Nafzger: You asked me about The Dish movie, and I remember I got a call one time and said, “Hey, have you heard about The Dish movie?”

I said, “No.”

They said, “Well, you got to see it—it’s a movie about Americans over in Australia for Apollo 11.”

I said, “Well, I was over there for Apollo 11 getting prepared.” There was another fellow, Bob [Robert] Taylor, who handled antennas that went to Parkes a lot. I went and watched the movie and said, “This is what we did!” It was really about the American presence in Australia during Apollo 11 and prior to it, setting up for this antenna. A lot had to do with the Parkes site, this big, 210-foot antenna that we spoke over earlier that we had essentially rented out for the mission. The more I saw it, the more I said, “That’s exactly what we did.” They talked about the processing of the TV and all this.

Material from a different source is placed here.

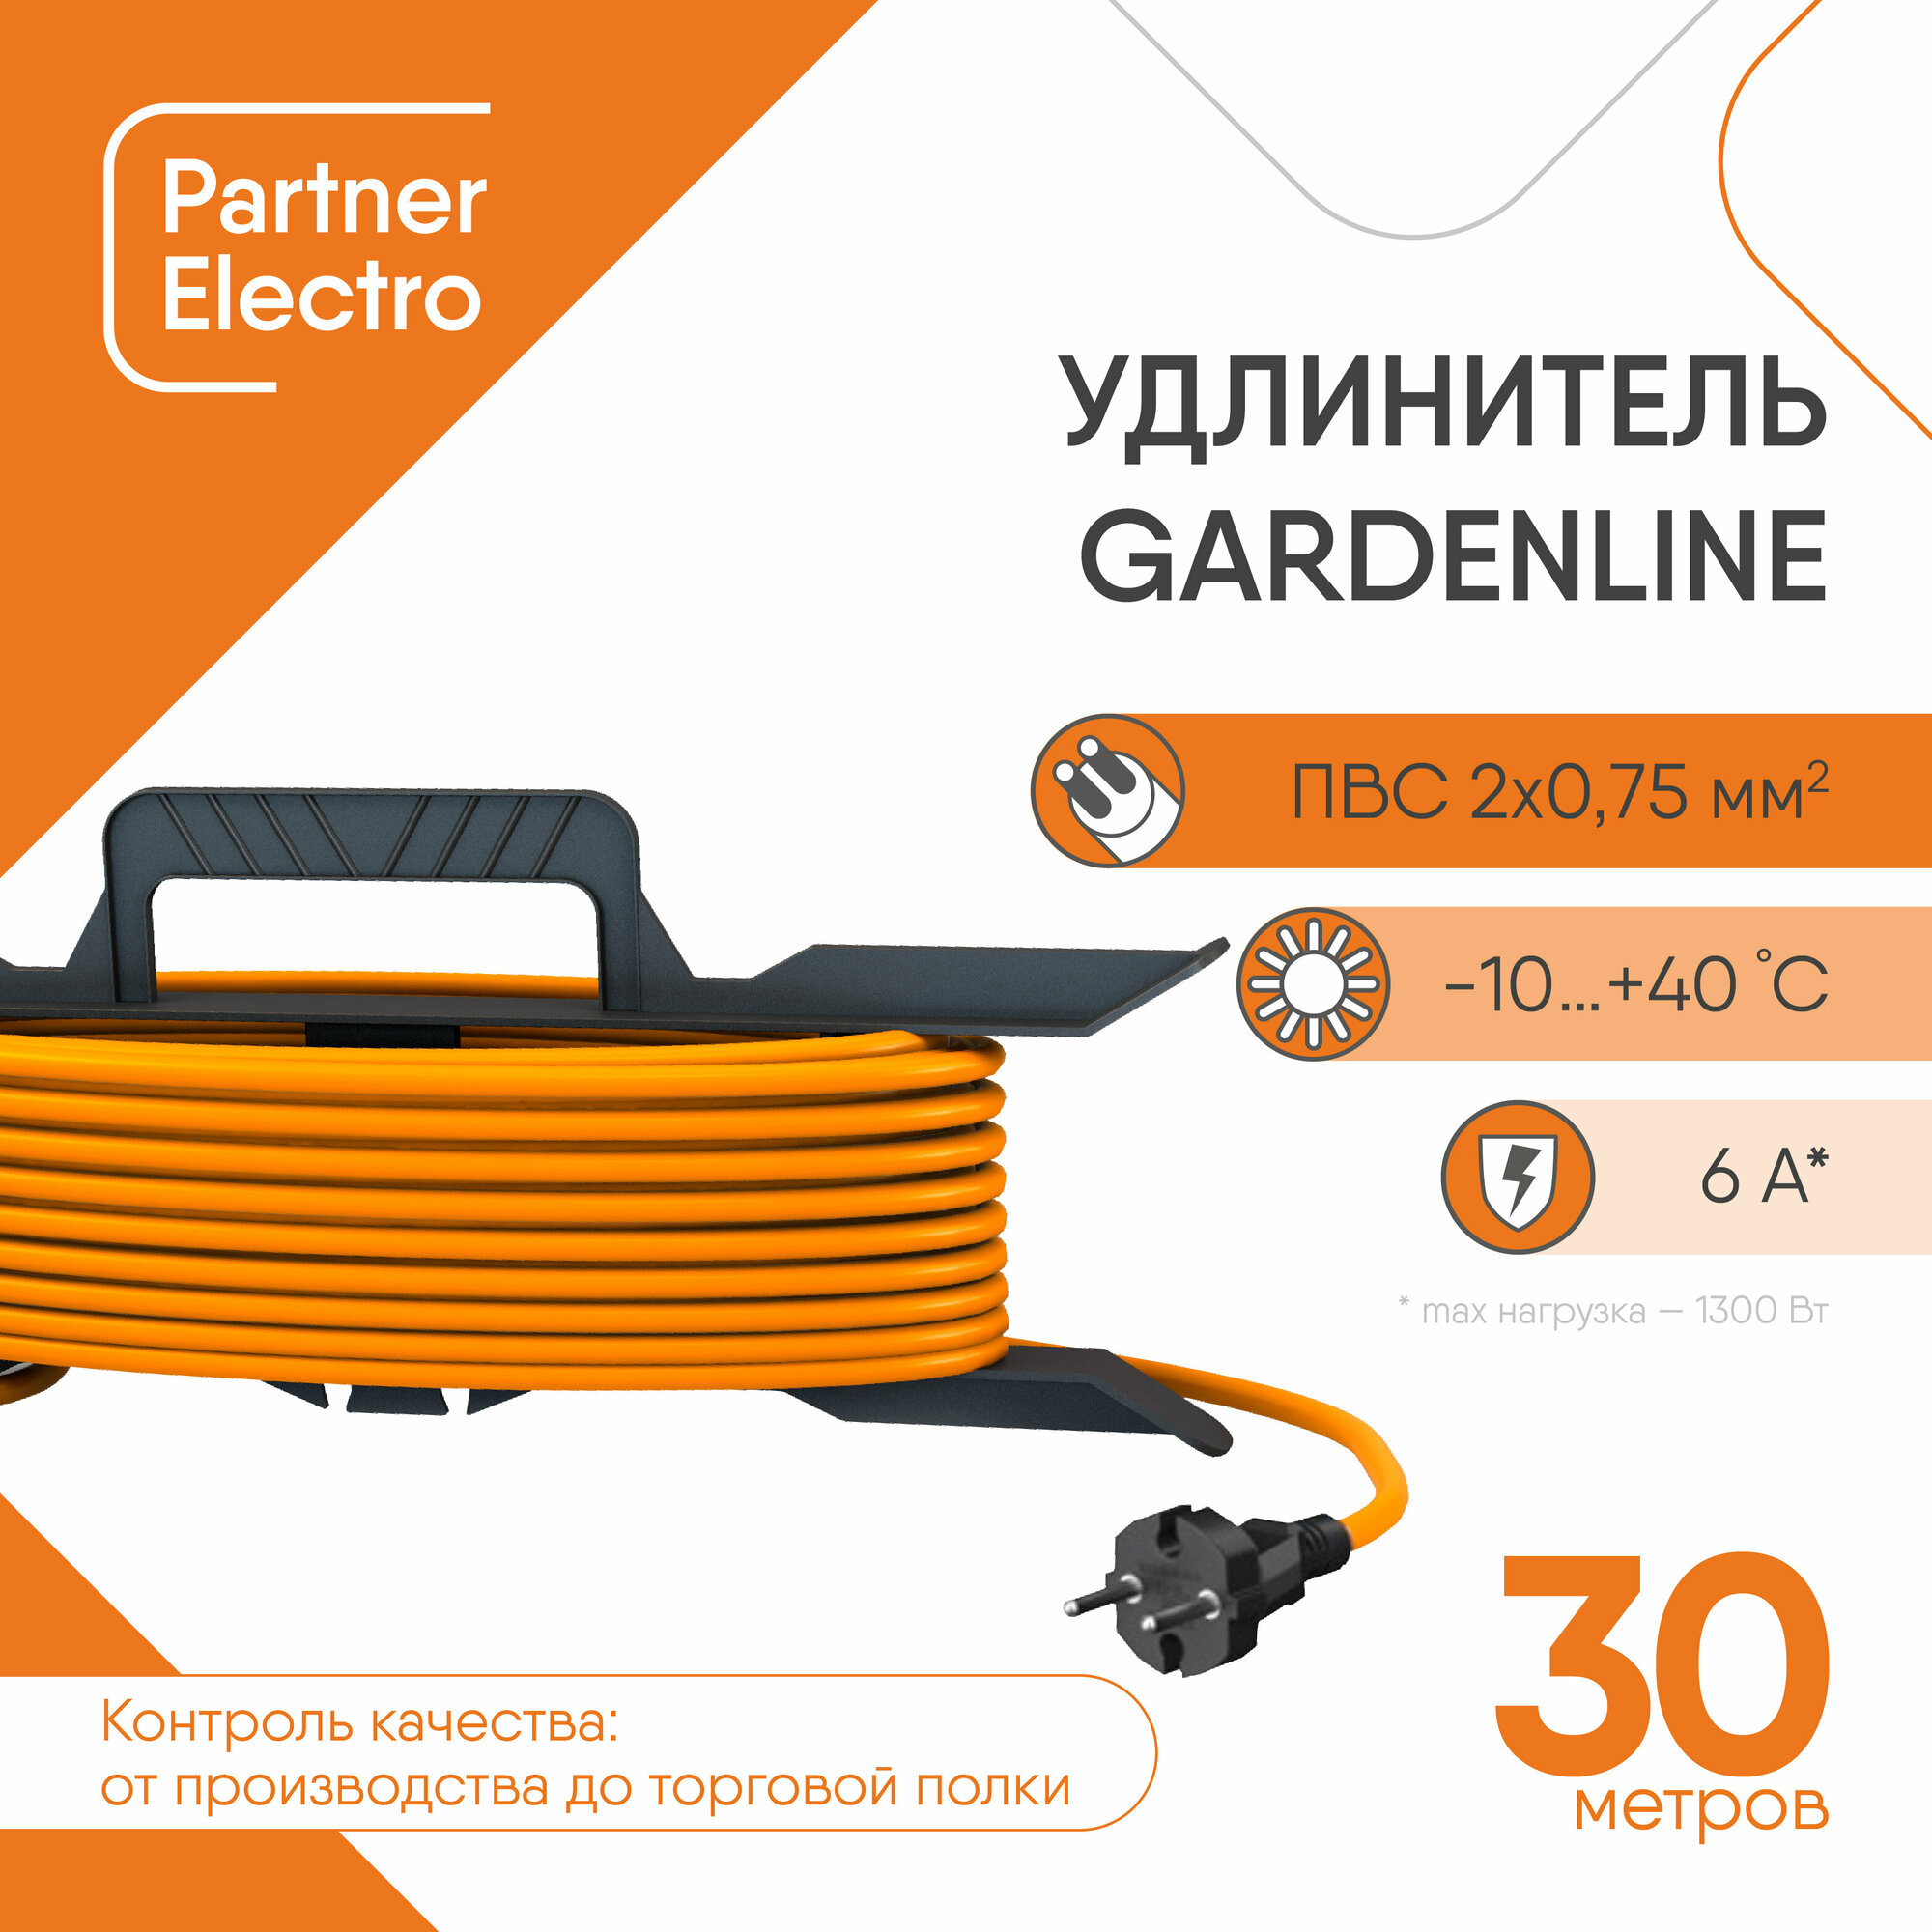 Удлинитель силовой на рамке Партнер Электро GardenLine PL02 (US201B-130OR) открытая установка без заземления 30 м 6 А 220 В 1,3 кВт 1 розетка ПВС 2х0,75 мм2 IP44 с брызгозащитой оранжевый

I had somehow got in contact with the producers who said, “Well, here, we’re going to send you tickets to this.” They had a big celebration for The Dish with NASA, but they didn’t bother to call me. Headquarters, they just grabbed whatever they could. They had a downtown Washington party about The Dish, and yet they didn’t contact any of us who were the subject of the movie! I thought that was kind of rotten, but not surprising.

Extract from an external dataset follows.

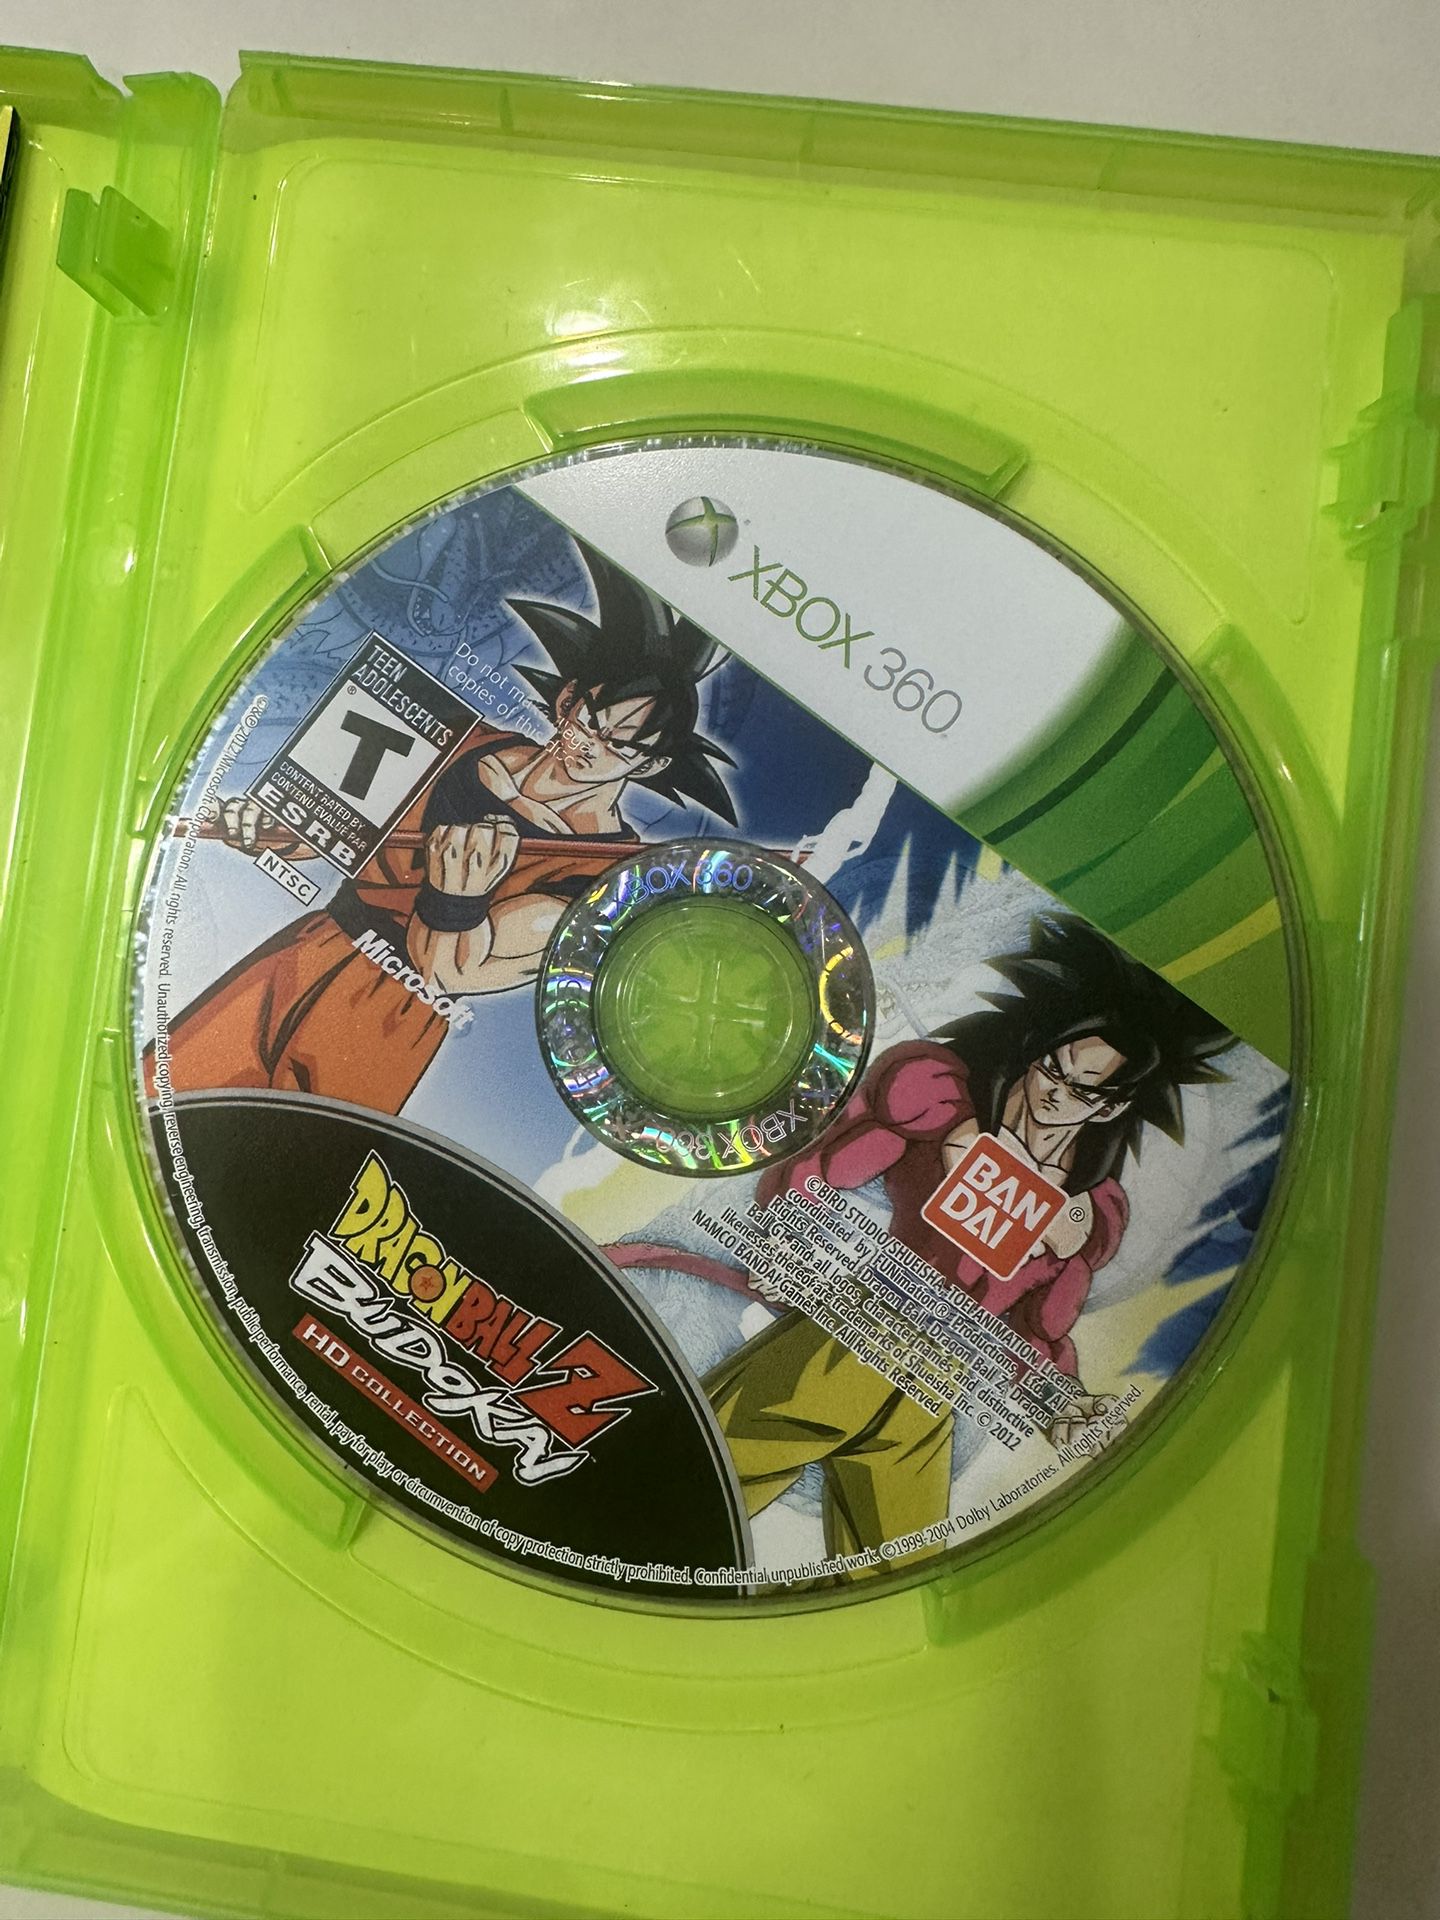 Rent Dragon Ball Z: Kakarot on Xbox One

A lot of them don’t even know it—they wouldn’t know who was there unless someone said, “Do you know who those people were?” Or they could have asked. It was a cute movie, and there are always technical things that are manipulated to make the movie interesting, but no, nothing in that movie was irrelevant to what happened. It was a good movie, and it’s a family movie, of all things!

Johnson: It was, it was, it was a good feeling.

Nafzger: But if you were there with us after-hours, it would not be a family movie! That’s all I can tell you about Australia. It’s a fun place when we had free time.

Johnson: I thought it was interesting because it did explain how the Australians felt about how proud they were, that they were bringing that video through.

Nafzger: They were so proud. One other thing about the Australians is it was like from the motherland, even though they’re Australian, they have this English Queen backing, and what we would do when we went over there, we would take Playboy magazines. In those days, Playboy was the ultimate—we didn’t call it a porn magazine, but it was an adult magazine.

Wright: Gentleman’s magazine.

Nafzger: Right, but what happened was you weren’t allowed to bring Playboy. When you would go into airport customs, you would clearly display this Playboy magazine innocently, like you don’t know what you’re doing. They would confiscate it and give you a big certificate that said, “By order of the Queen,” and it would go on to say, “We’ve confiscated your Playboy magazine.” They didn’t allow those in Australia. No one could sell them or buy them, so we would bring them over to get the certificate that we had the Playboy confiscated. That was a big thing to us.

Johnson: You were proud of those certificates?

Nafzger: Yes, yes, “By order of the Queen, I’m hereby confiscating goods that are not allowed within the country, i.e. namely one Playboy issue 14.”

Wright: A badge of honor.

Nafzger: Oh, yes, yes. The Dish was a good movie, and it was in all respects valid, as far as I’m concerned.

Johnson: I appreciate you adding that, thank you.